*Problem requirements:* Output exactly, in the material below, the lines from the one with "ho Stock Photo" through the one with "Roku TV - Caixun". Omit all pictures.

*Dataset:*
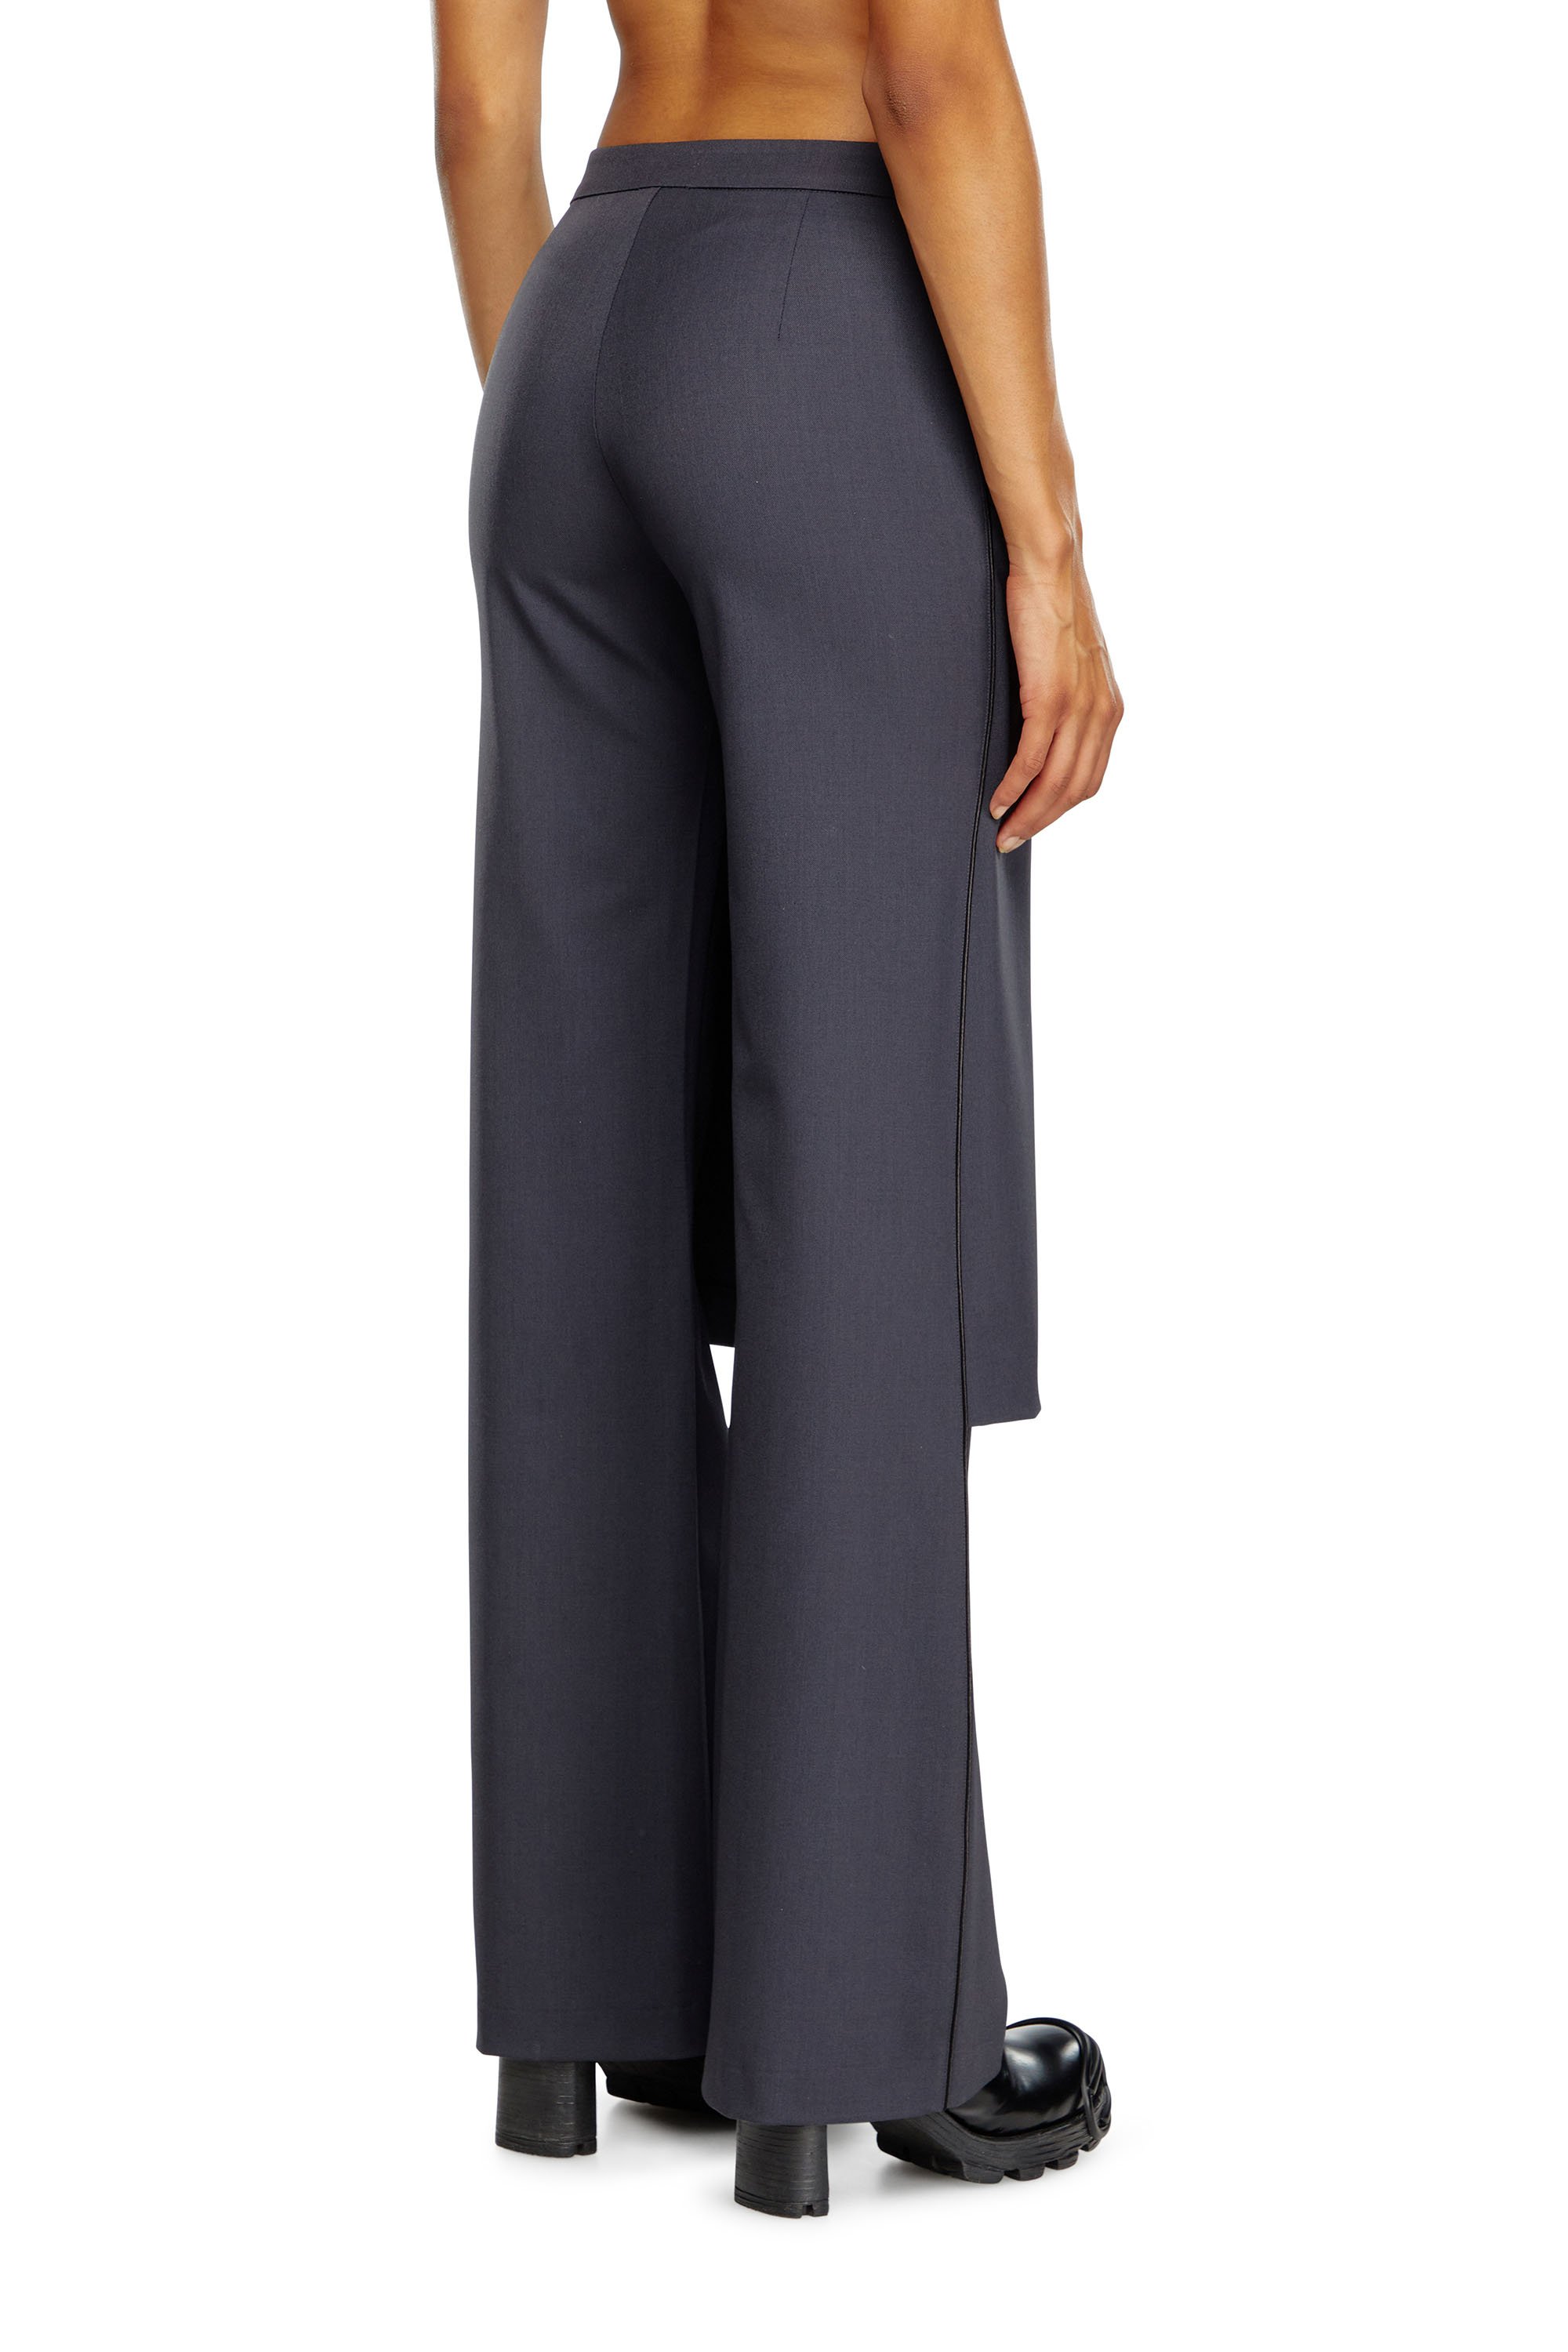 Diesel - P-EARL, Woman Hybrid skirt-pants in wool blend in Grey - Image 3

--

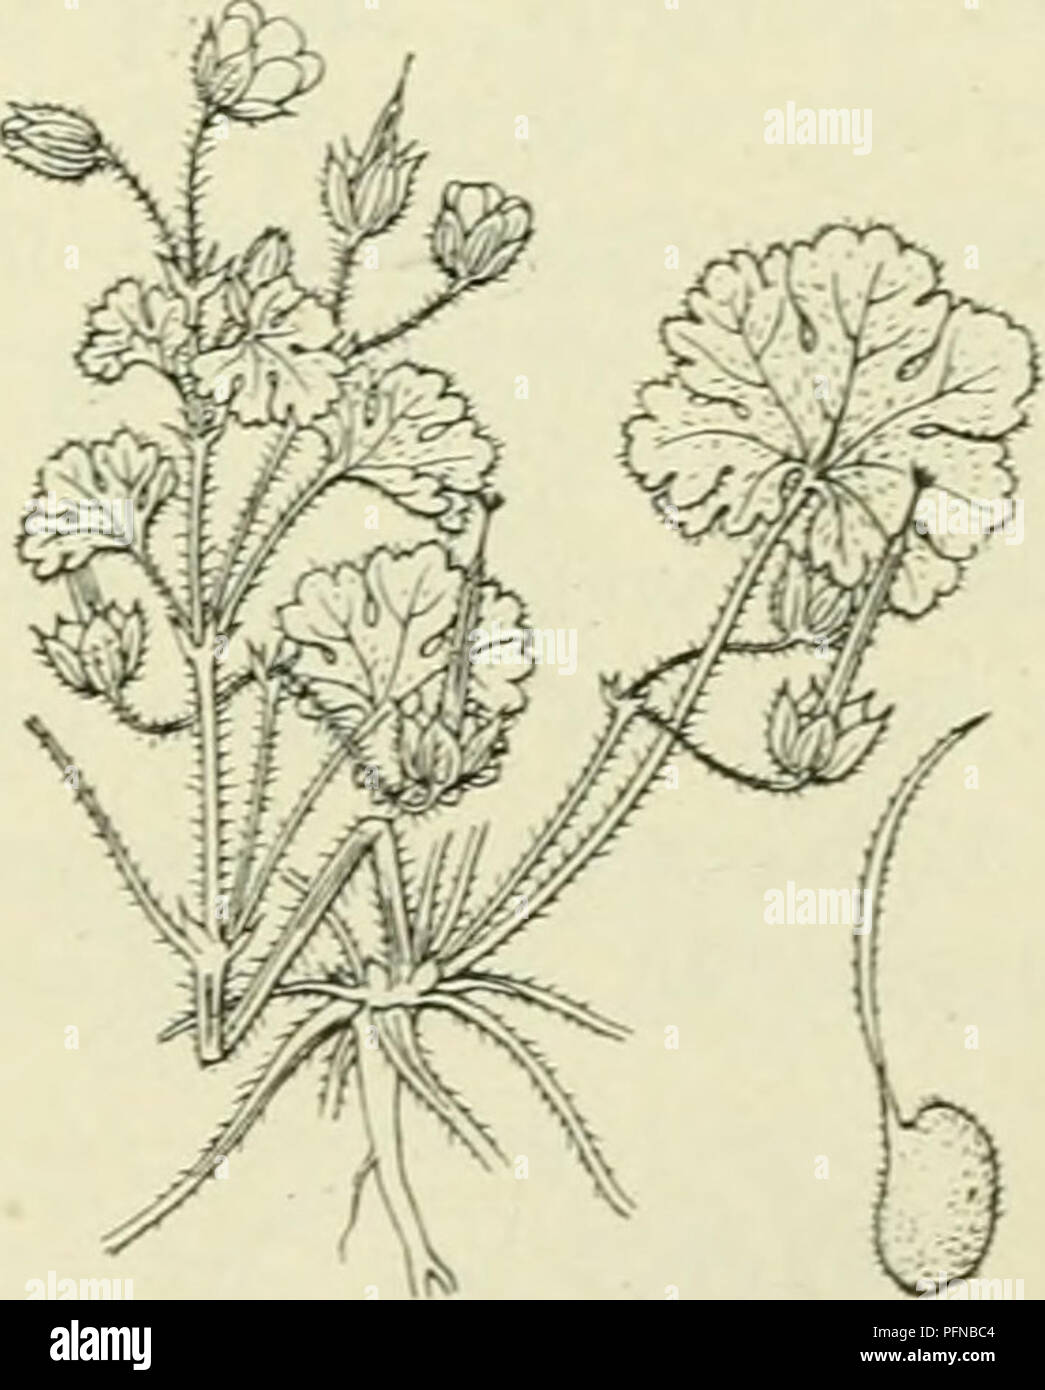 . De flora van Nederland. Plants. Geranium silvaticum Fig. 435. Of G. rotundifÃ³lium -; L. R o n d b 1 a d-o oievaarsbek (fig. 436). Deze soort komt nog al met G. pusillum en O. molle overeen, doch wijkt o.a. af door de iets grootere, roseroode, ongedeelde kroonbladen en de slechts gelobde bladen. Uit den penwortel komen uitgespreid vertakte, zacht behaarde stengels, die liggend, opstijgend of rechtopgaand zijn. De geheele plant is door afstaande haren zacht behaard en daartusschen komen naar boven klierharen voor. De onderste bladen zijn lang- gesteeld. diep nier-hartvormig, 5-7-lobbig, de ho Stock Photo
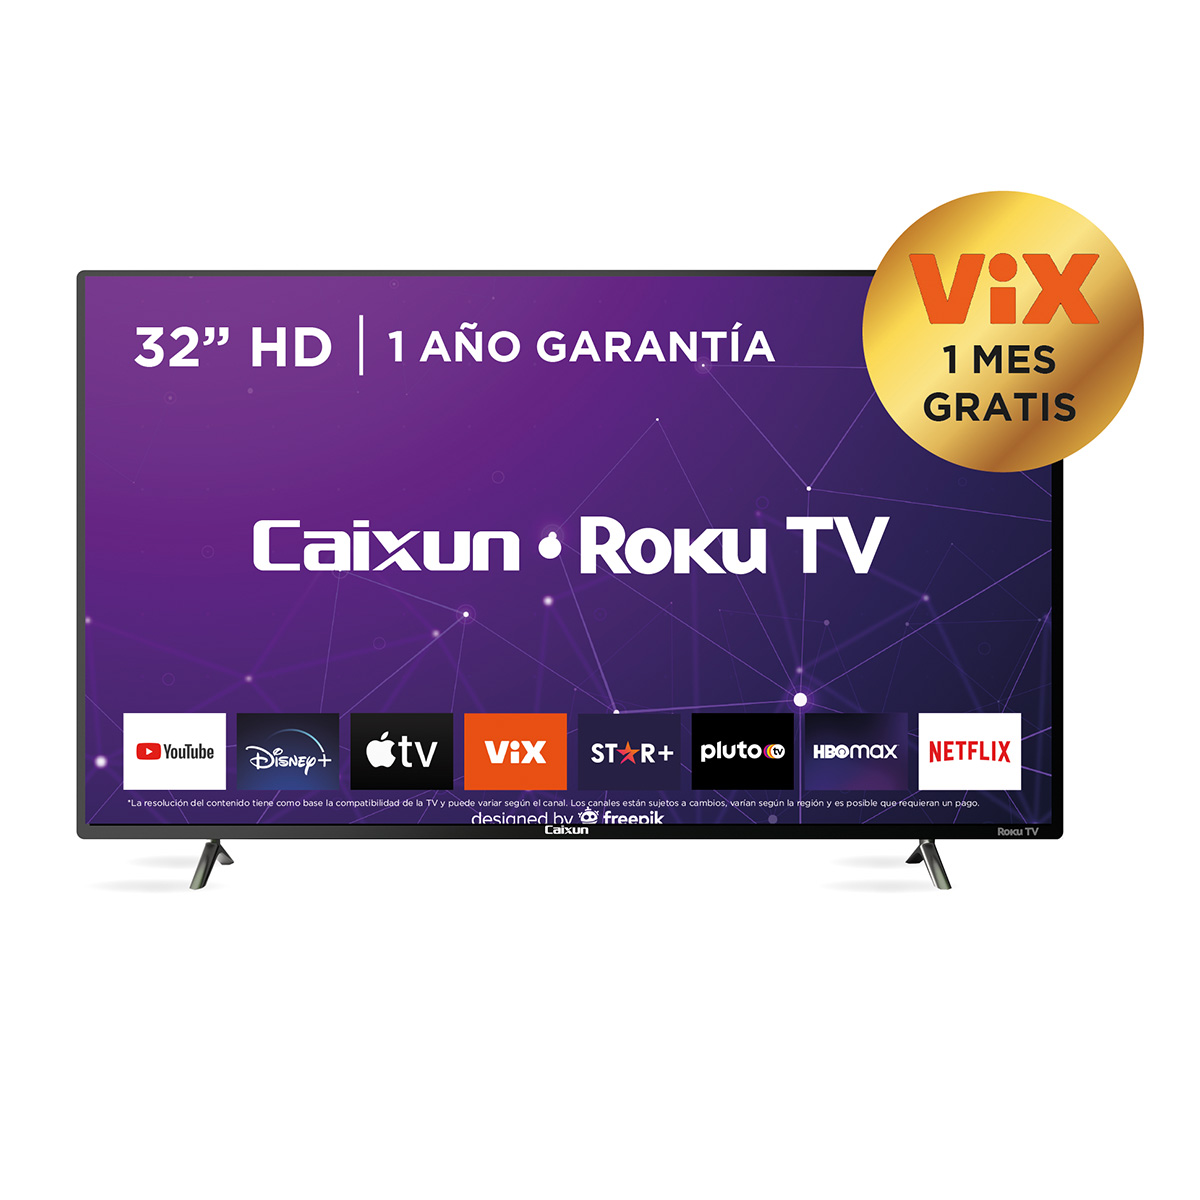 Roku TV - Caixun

*Answer for the task:*
 . De flora van Nederland. Plants. Geranium silvaticum Fig. 435. Of G. rotundifÃ³lium -; L. R o n d b 1 a d-o oievaarsbek (fig. 436). Deze soort komt nog al met G. pusillum en O. molle overeen, doch wijkt o.a. af door de iets grootere, roseroode, ongedeelde kroonbladen en de slechts gelobde bladen. Uit den penwortel komen uitgespreid vertakte, zacht behaarde stengels, die liggend, opstijgend of rechtopgaand zijn. De geheele plant is door afstaande haren zacht behaard en daartusschen komen naar boven klierharen voor. De onderste bladen zijn lang- gesteeld. diep nier-hartvormig, 5-7-lobbig, de ho Stock Photo
 Roku TV - Caixun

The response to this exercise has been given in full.